37. [reclamanten] is ten aanzien van het bezwaar tegen de toedeling van kavel [kavelnummer 1] voor zover dit bezwaar is gericht tegen het aansluitend aan die kavel gelegen vervuilde stuk grond en het waterpeil niet-ontvankelijk, en voor zover het bezwaar is gericht tegen de voor de exploitatie minder gunstige vorm en oppervlakte is dit bezwaar ongegrond.
Het bezwaar van [reclamanten] tegen het niet toedelen van het ingebrachte perceel [kavelnummer 4] is ongegrond.

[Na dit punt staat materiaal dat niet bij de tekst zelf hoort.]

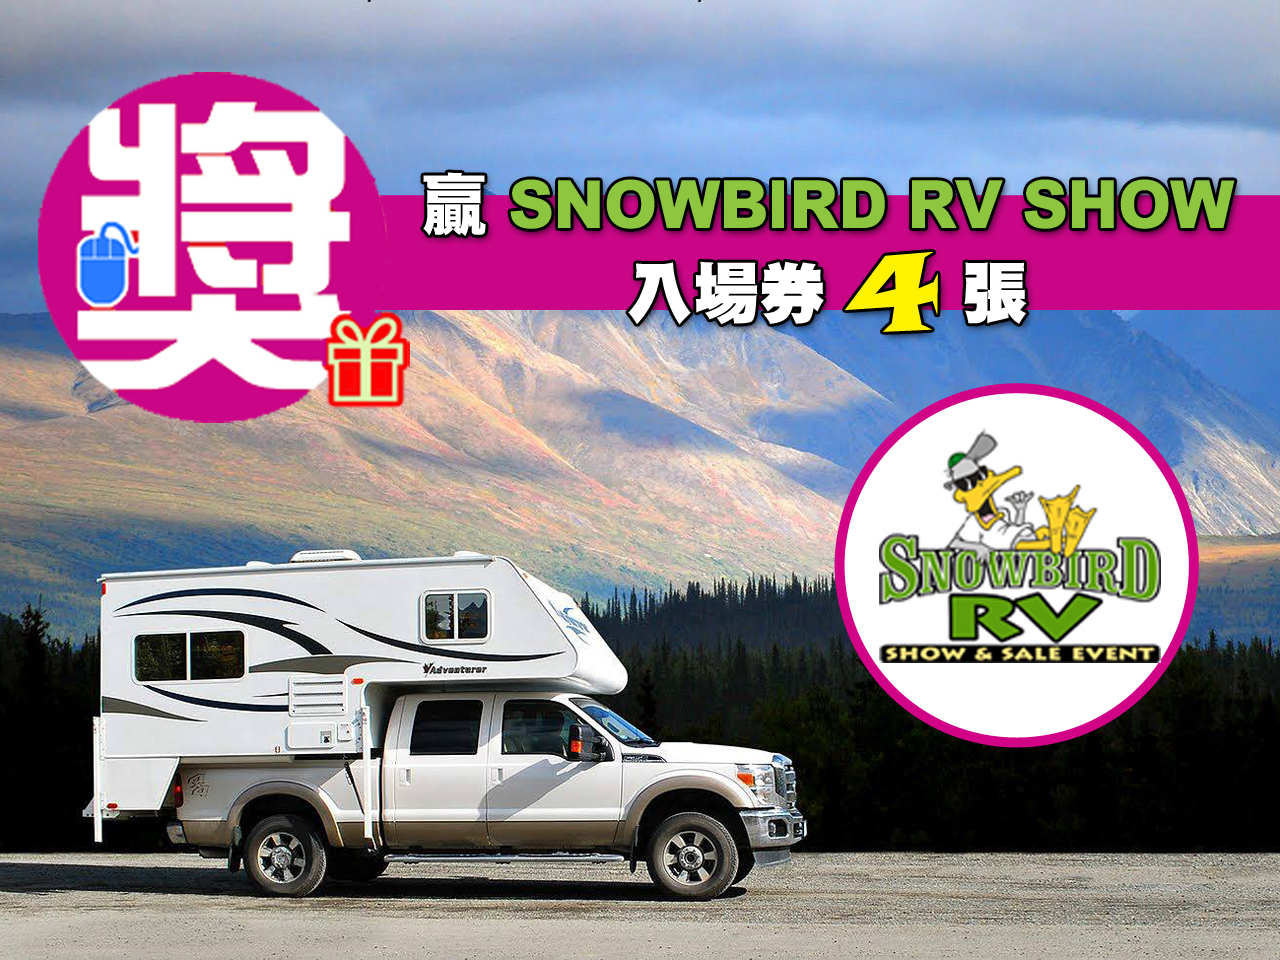 贏 4 張 2018 Snowbird RV Show & Sale Event 入場門票 [已完結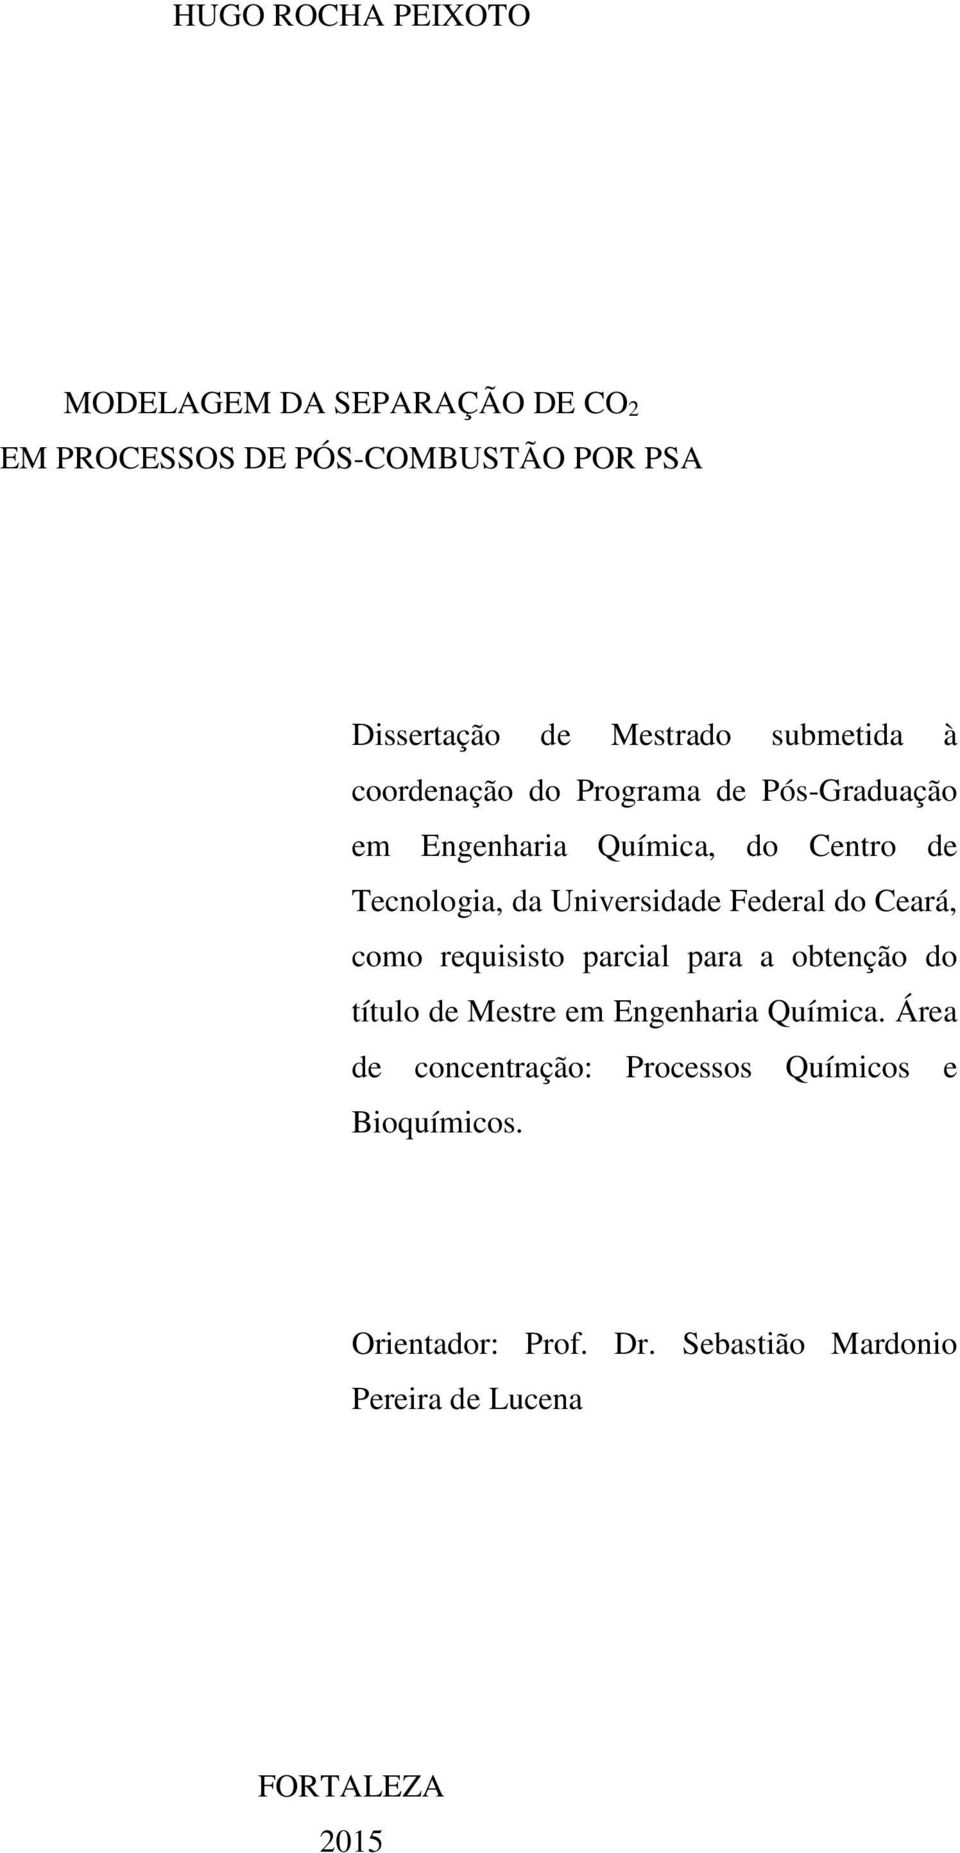 Universidade Federal do Ceará, como requisisto parcial para a obtenção do título de Mestre em Engenharia Química.

Wat betreft het bezwaar van [reclamanten] tegen het tracé van de waterloop met kavelnummer [kavelnummer 3] wenst de rechtbank nadere inlichtingen als bedoeld in rechtsoverweging 32.
De rechtbank:
- heropent de behandeling van de zaak;
- bepaalt dat partijen zullen verschijnen op de terechtzitting van dinsdag 9 november 2004;
- verzoekt de commissie tijdig haar bevindingen ter fine als bedoeld in rechtsoverweging 32 aan de rechtbank, de reclamant en de belanghebbenden te zenden;
- houdt iedere verdere beslissing aan.
Dit vonnis is gewezen door de rechters mrs. P.H.B. Littooy, voorzitter, S.M. Jongkind-Jonker en E.K. Veldhuijzen van Zanten, leden, en uitgesproken ter openbare terechtzitting van woensdag 15 september 2004 in tegenwoordigheid van de griffier.